→ What needs to be done
Your answer must be only the lines below from the one containing "coca-cola take home" through the one containing "Made in La Grande, Oregon: La", copied exactly, with the pictures left out.

→ Entries provided
● ● ● ● ●
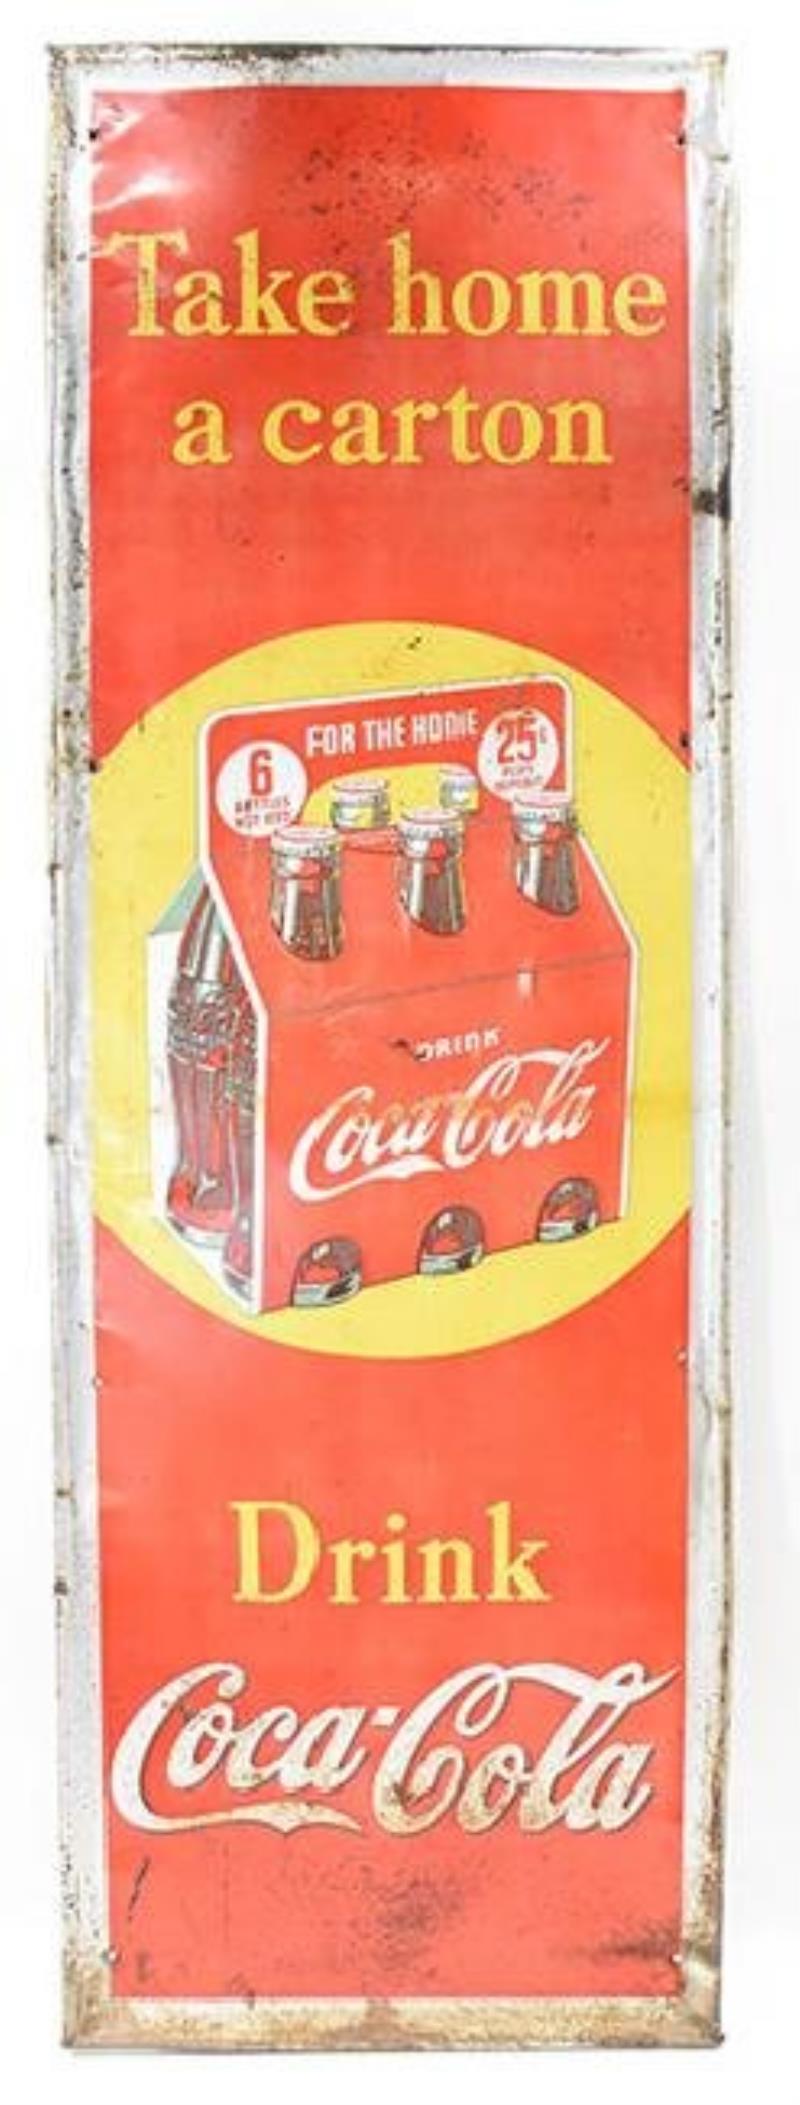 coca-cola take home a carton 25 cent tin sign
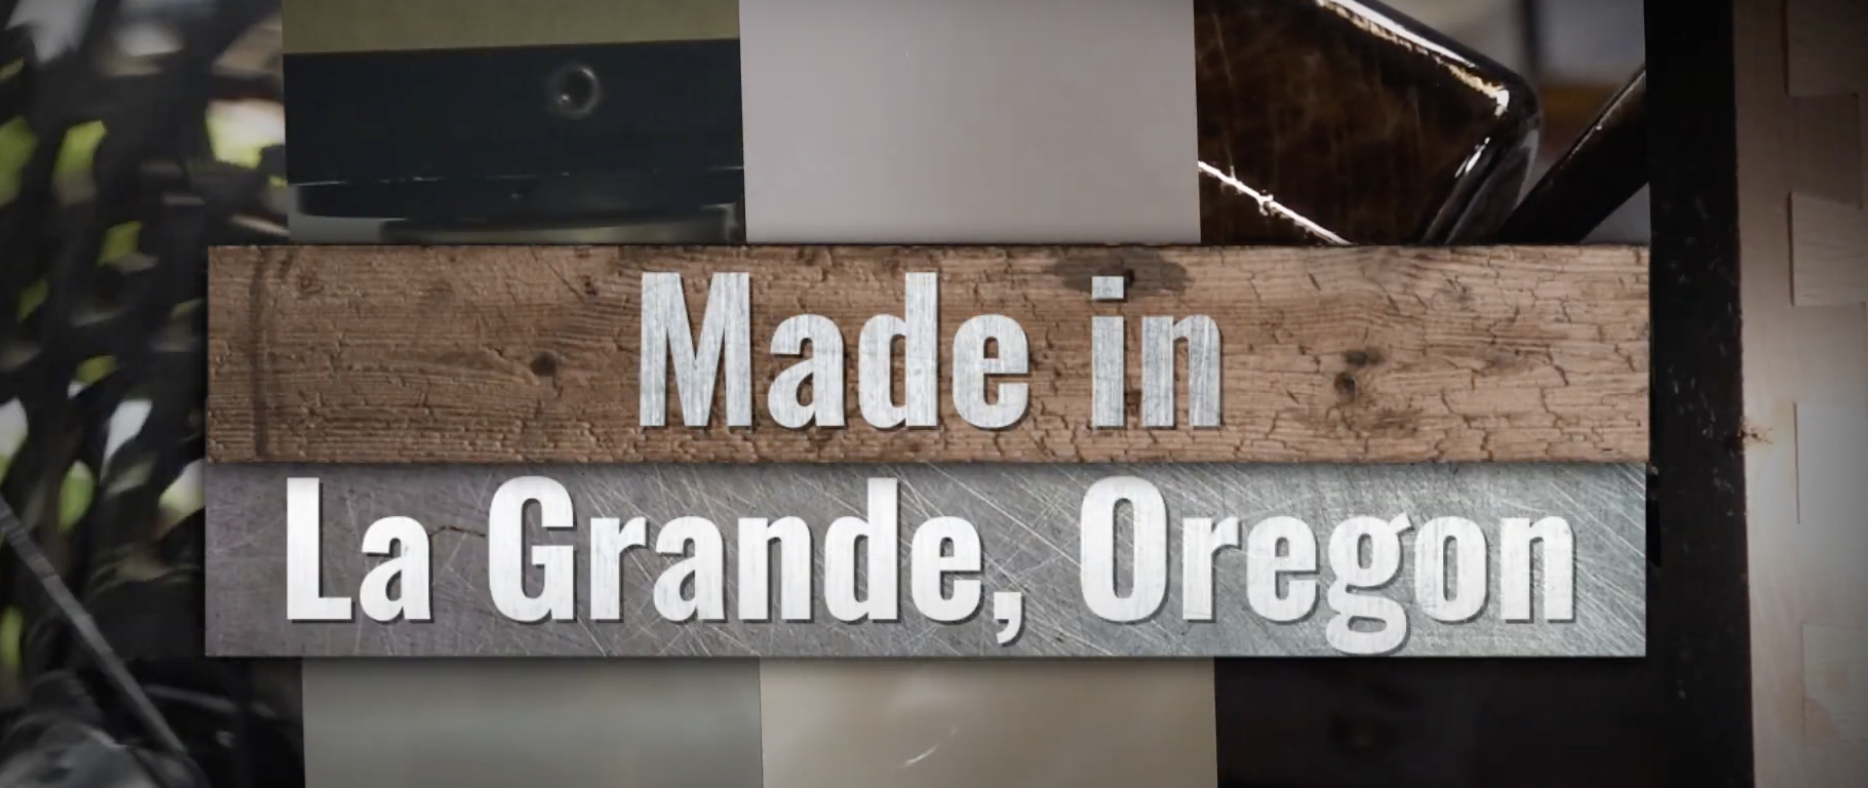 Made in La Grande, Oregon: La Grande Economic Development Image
● ● ● ● ●
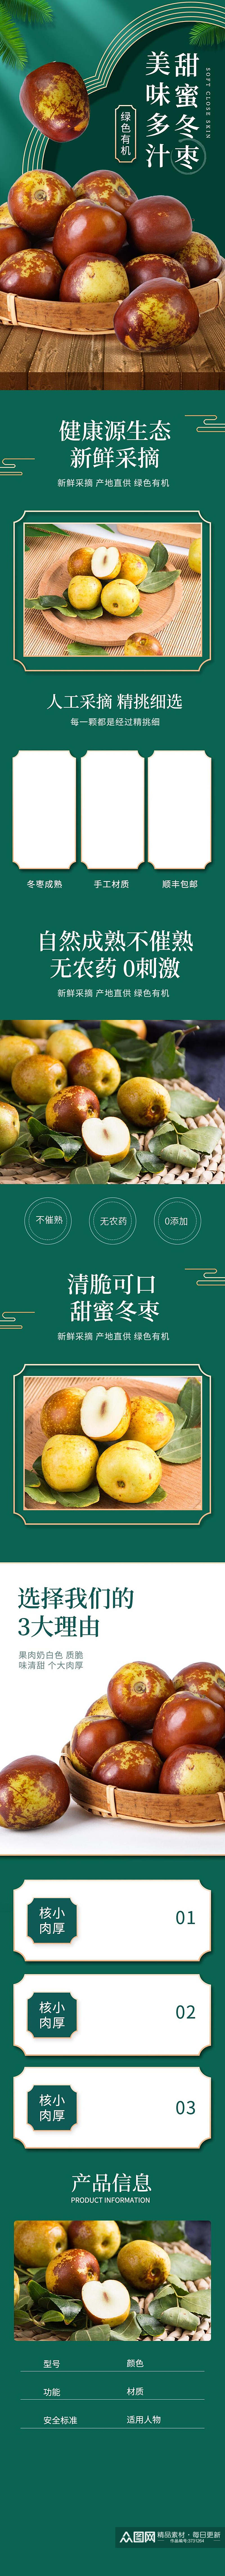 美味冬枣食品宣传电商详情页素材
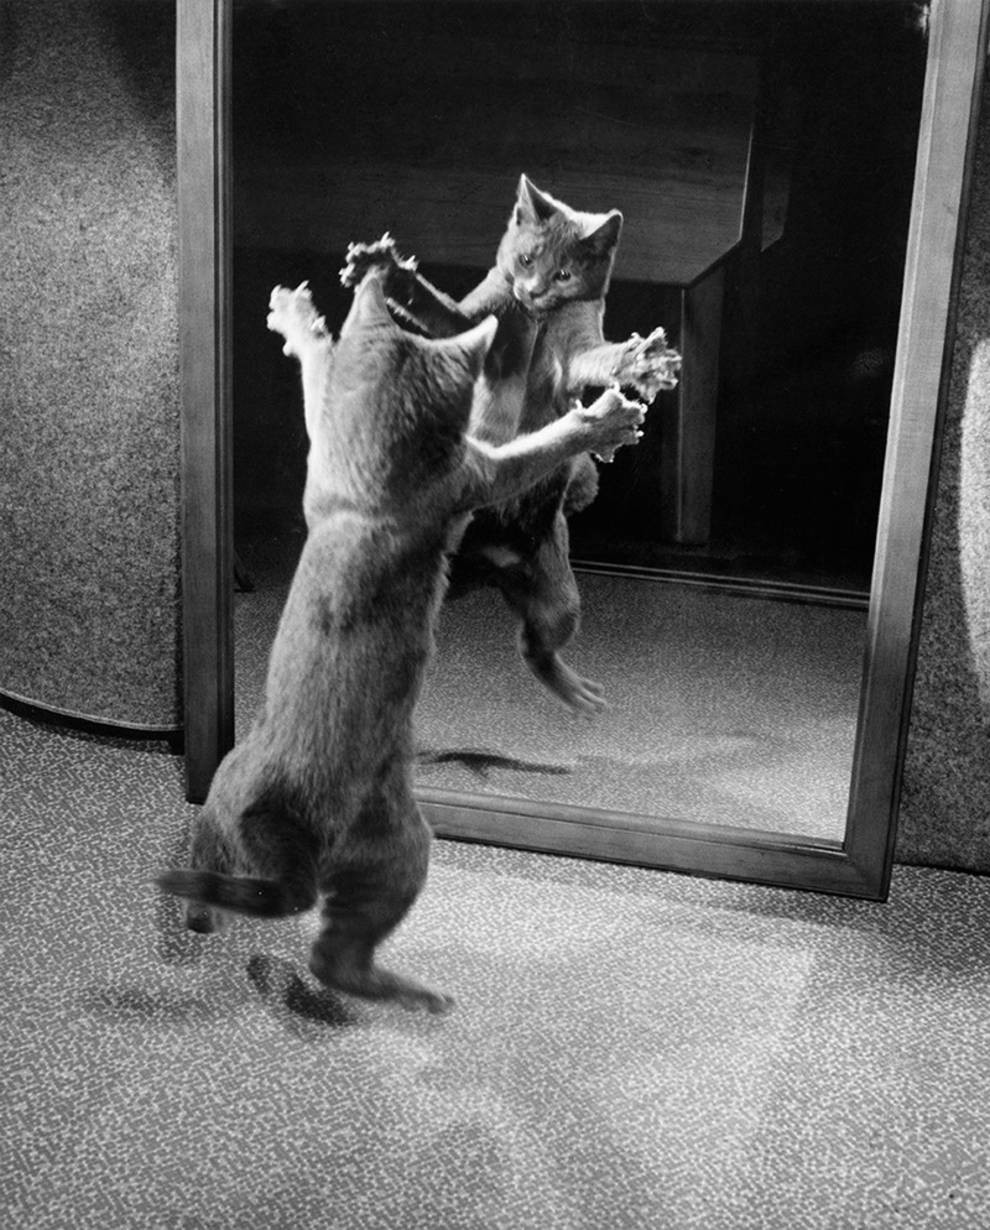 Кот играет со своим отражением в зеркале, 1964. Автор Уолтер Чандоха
● ● ● ● ●
→ Exercise answer
 coca-cola take home a carton 25 cent tin sign
 Made in La Grande, Oregon: La Grande Economic Development Image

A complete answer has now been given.